Libraries and Makerspaces: a match made in heaven

I wrote a guest editorial for the Raincoast Books site, in honour of Freedom to Read Week. It's called "Libraries, Hackspaces and E-waste: how libraries can be the hub of a young maker revolution," and it's about the role of libraries in the 21st century:

Every discussion of libraries in the age of austerity always includes at least one blowhard who opines, "What do we need libraries for? We've got the Internet now!"


The problem is that Mr. Blowhard has confused a library with a book depository. Now, those are useful, too, but a library isn't just (or even necessarily) a place where you go to get books for free. Public libraries have always been places where skilled information professionals assisted the general public with the eternal quest to understand the world. Historically, librarians have sat at the coalface between the entire universe of published material and patrons, choosing books with at least a colorable claim to credibility, carefully cataloging and shelving them, and then assisting patrons in understanding how to synthesize the material contained therein.

Libraries have also served as community hubs, places where the curious, the scholarly, and the intellectually excitable could gather in the company of one another, surrounded by untold information-wealth, presided over by skilled information professionals who could lend technical assistance where needed. My own life has included many protracted stints in libraries — for example, I dropped out of high-school when I was 14 took myself to Toronto's Metro Reference Library and literally walked into the shelves at random, selected the first volume that aroused my curiosity, read it until it suggested another line of interest, then chased that one up. When I found the newspaper microfilm, I was blown away, and spent a week just pulling out reels at random and reading newspapers from the decades and centuries before, making notes and chasing them up with books. We have a name for this behavior today, of course: "browsing the Web." It was clunkier before the Web went digital, but it was every bit as exciting.

Libraries, Hackspaces and E-waste: how libraries can be the hub of a young maker revolution


  1. I like the idea of a public institution that encourages both theory and practice (learning and making).

    It would be tricky to justify public funding if the level of participation was too low, so getting large groups of people into making would be essential (and probably very difficult) but should be worth the effort.

  2. I’ve met Mr. Blowhard. He was the director of a major institutional library. He predicted, in the late 1990’s, that the Internet would make physical libraries obsolete within the next decade. In describing his vision he kept emphasizing the money that would be saved if libraries no longer had to maintain a physical building, and no longer had to buy books, because, he said, most researchers didn’t need a whole book. For their research they usually needed, at most, a paragraph. Imagine, he said, the money that would be saved if libraries could stop spending dollars on books that would sit unused on the shelves and instead spend pennies to buy a paragraph, a sentence, or a single picture.  

    I think the idea of libraries “as community hubs” is wonderful, and while I’m a strong proponent of libraries continuing to acquire and archive books and other print materials, I just as strongly believe that libraries can and must serve multiple purposes. They must serve the community.
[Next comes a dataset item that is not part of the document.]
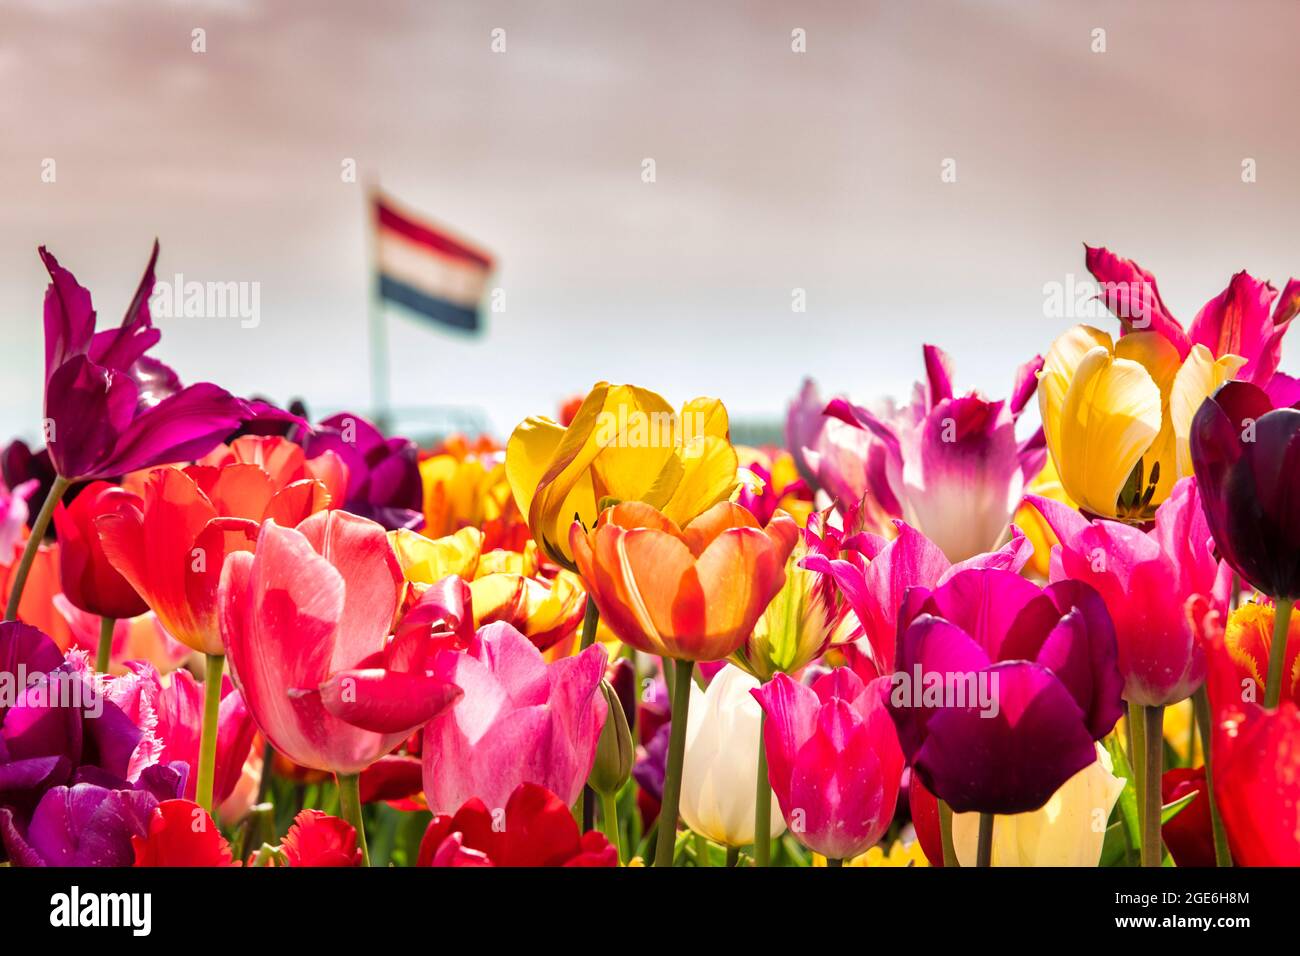 The Netherlands, Noordwijkerhout, Tulips, tulip fields. Dutch flag. Stock Photo

    However let’s not overlook the fact that Mr. Blowhard’s attitude is very appealing to those who see libraries as nothing but a money pit. And serving multiple purposes, in spite of the benefits, is going to be even more expensive than just being a book depository.

    This article does a really good job of selling the idea of libraries, but are enough people willing to buy it?

  3. I argued last year on that library makerspaces make sense because libraries have always been about creative, productive engagements with information. Reading isn’t a passive, uncreative process!